Part backstage melodrama and part screed in the name of art, Birdman or (The Unexpected Virtue of Ignorance) is nearly as frazzled as its protagonist, Riggan Thomson (Michael Keaton). Back in the pre-Marvel movie era of the ’90s, Riggan was the winged superhero Birdman. He made three movies that grossed billions and then chucked it all away. And, like many other actors blessed with the role of a lifetime, he is both embarrassed by his legacy and eager to regain its mantle of fame.
Years later, Riggan is fighting for relevance. One major stumbling block (and there are many) is his confusion over what relevance might mean. Most conventionally, Riggan imagines it would mean being recognized as a serious, legitimate actor. To that end, he’s written, directed, and financed a Broadway adaptation of Raymond Carver’s What We Talk About When We Talk About Love, in which he’s also starring. No surprise, his notion seems old-fashioned to his daughter and personal assistant Sam (Emma Stone), who’s convinced that social media convey relevance.
Yet another opinion is offered by Riggan’s old superhero character, manifesting as a voice in his head and occasionally in physical form (unseen by anyone else). In a deep Christian Bale-lie Batman growl, Birdman berates Riggan for straining to prove himself by trotting the boards. Even as Riggan argues with himself, those around him tend not to notice because, well, everyone knows actors are crazy. For us though, Riggan’s internal debates with his selves are visible, beginning with a scene at film’s start, where he’s floating in a lotus position in his dressing room, able to move objects with a flick of his finger.
This serenity gives way almost immediately to a helter-skelter of backstage chaos. The Carver play is just about to start previews when Riggan’s costar is beaned on the head by a stage light. As luck would have it, renowned stage actor Mike (Edward Norton) is available to step in, since he’s dating one of the female leads, Lesley (Naomi Watts), and has been running lines with her.
Right away, however, Riggan finds his new costar’s Stanislavski Method-isms gruelingly irritating: Mike complains the prop gun looks too fake to scare his character, he needs real gin in his glass on stage as well as a tanning bed to get into character. The results of Mike’s shenanigans are unpredictable and often electrifying: Norton seems energized here, as wiry and ready to go as the film’s terrifically off-kilter, percussive score, all free-jazz rolls and break-beat syncopations with the occasional instrumental soar.
At first, it seems like Alejandro González Iñárritu and fellow screenwriters Alexander Dinelaris, Nicolás Giacobone, and Armando Bohave have cooked up a battle of wills between Mike and Riggan, inspiring tremendous performances, as in the director’s Babel and 21 Grams. As such, Birdman works fantastically for a time, the focus on the actors apparently underscored by the film’s apparent-single-take trick. The two men curse and shred each other in skirmish after skirmish, the camera jutting in on their furious faces as they debate the nature of truth in acting and life (with each position as hypocritical and self-serving as you might expect). During these moments and others, Emmanuel Lubezki’s mostly handheld cinematography remains at once energetic and gorgeous, a rare combination that gives this guerrilla operation a lacquering of observable respectability.
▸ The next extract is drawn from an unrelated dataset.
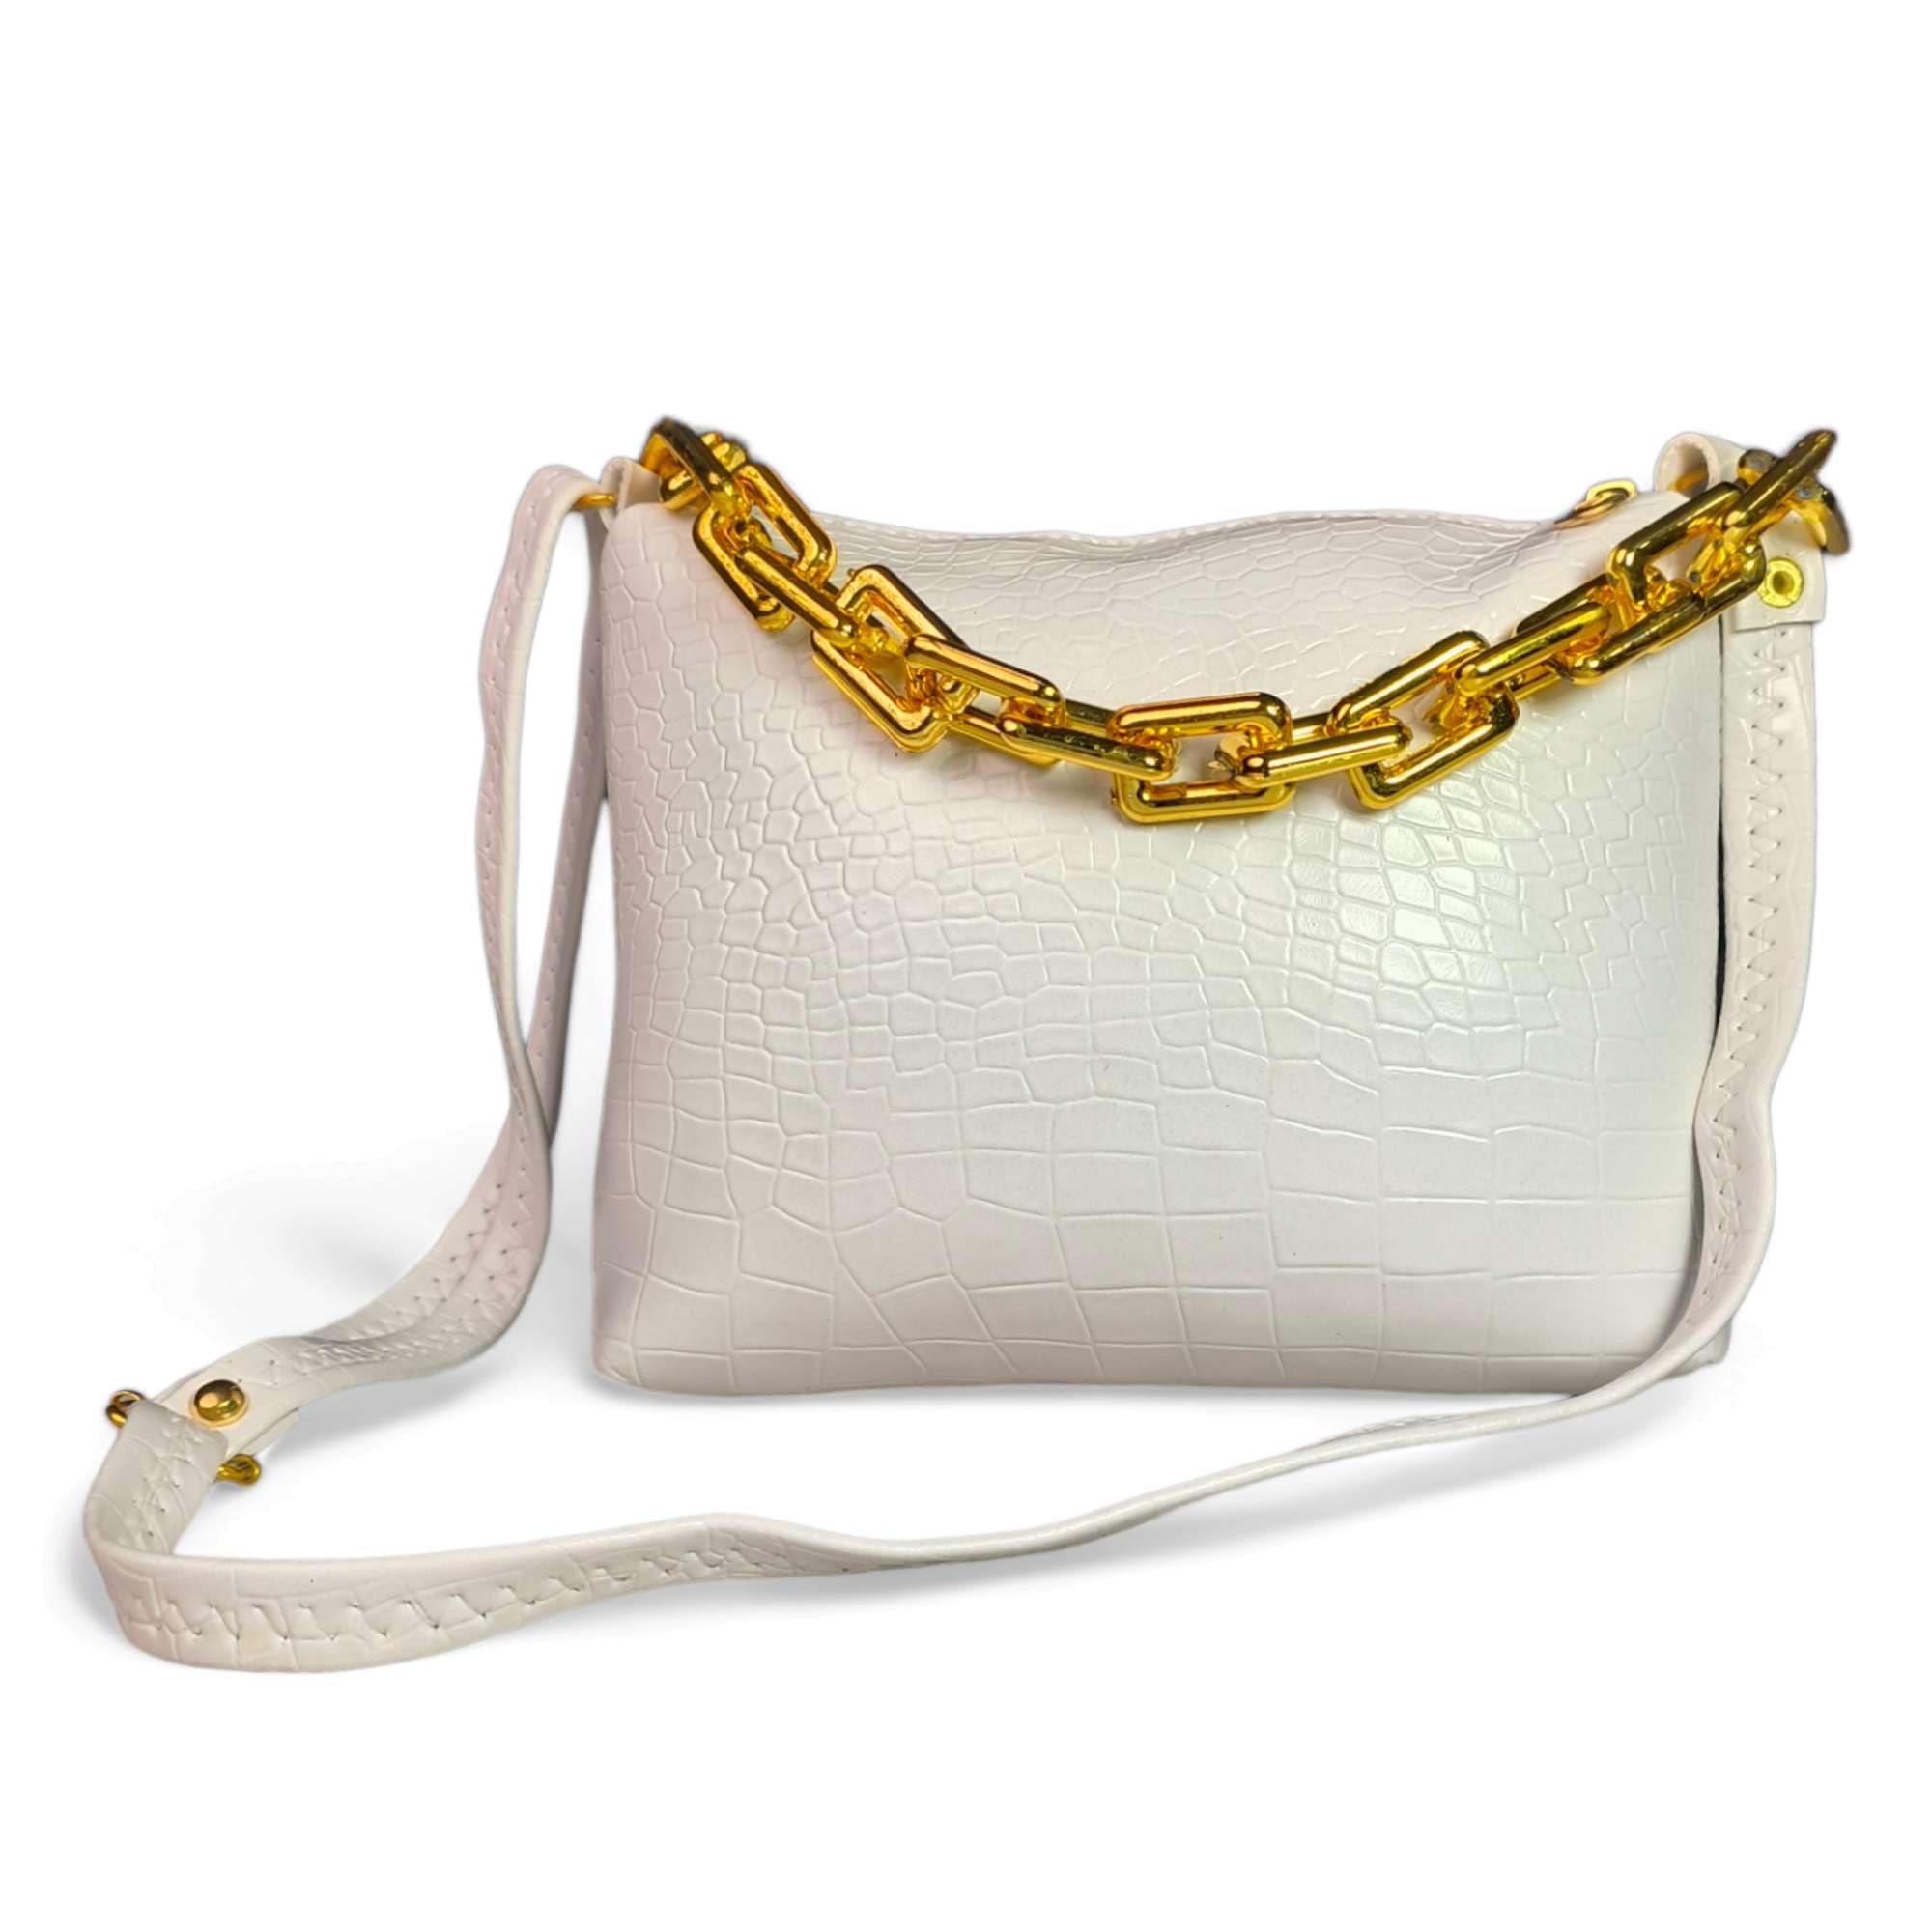 Amazon.com: Crossbody Shoulder Bag for Women Luxurious Snake Print Leather Chain  Tote Evening Square Handbag Satchel Purse White : Clothing, Shoes & Jewelry

Birdman‘s audacious dynamic changes, though, when the plot pushes Mike to the side to focus on Riggan’s other conflicts. Several set pieces stand out, particularly a face-to-face blowout between Riggan and the all-important New York Times theater critic (a fiercely acerbic Lindsay Duncan), incensed that a Broadway stage that might have employed trained stage performers is instead hosting a make-believe actor, a celebrity. As Riggan’s fantasy interludes pick up speed and force, the film’s point of view both sharpens and darkens. The satirical drubbing of Mike’s Method pretensions and real-life fakery is near-continuous, but Birdman‘s most lethal venom is directed at the “apocalyptic porn” ladled out by Hollywood rather than the actors who are just trying to find their way and leaving their blood on the stage.
This focus doesn’t mean the film ignores its own stunt casting, recognizing but hardly showcasing Keaton’s past as a two-time cinematic Batman. As Riggan’s meltdowns and comic humiliations (one most obvious instance being his run through a crowded Times Square in only his underwear) become increasingly intense, we’re reminded less of the Caped Crusader than Keaton’s rattled everyman roles in family comedies by Ron Howard and John Hughes, a guy just trying to keep his head above water. But for all Riggan’s seeming ordinariness, he yet compels our attention, much as he does the Broadway audience watching his sweaty, sometimes brilliant stabs at what he believes to be truth. We find it difficult to turn away, even if we’re not entirely clear what’s relevant, or what that might mean.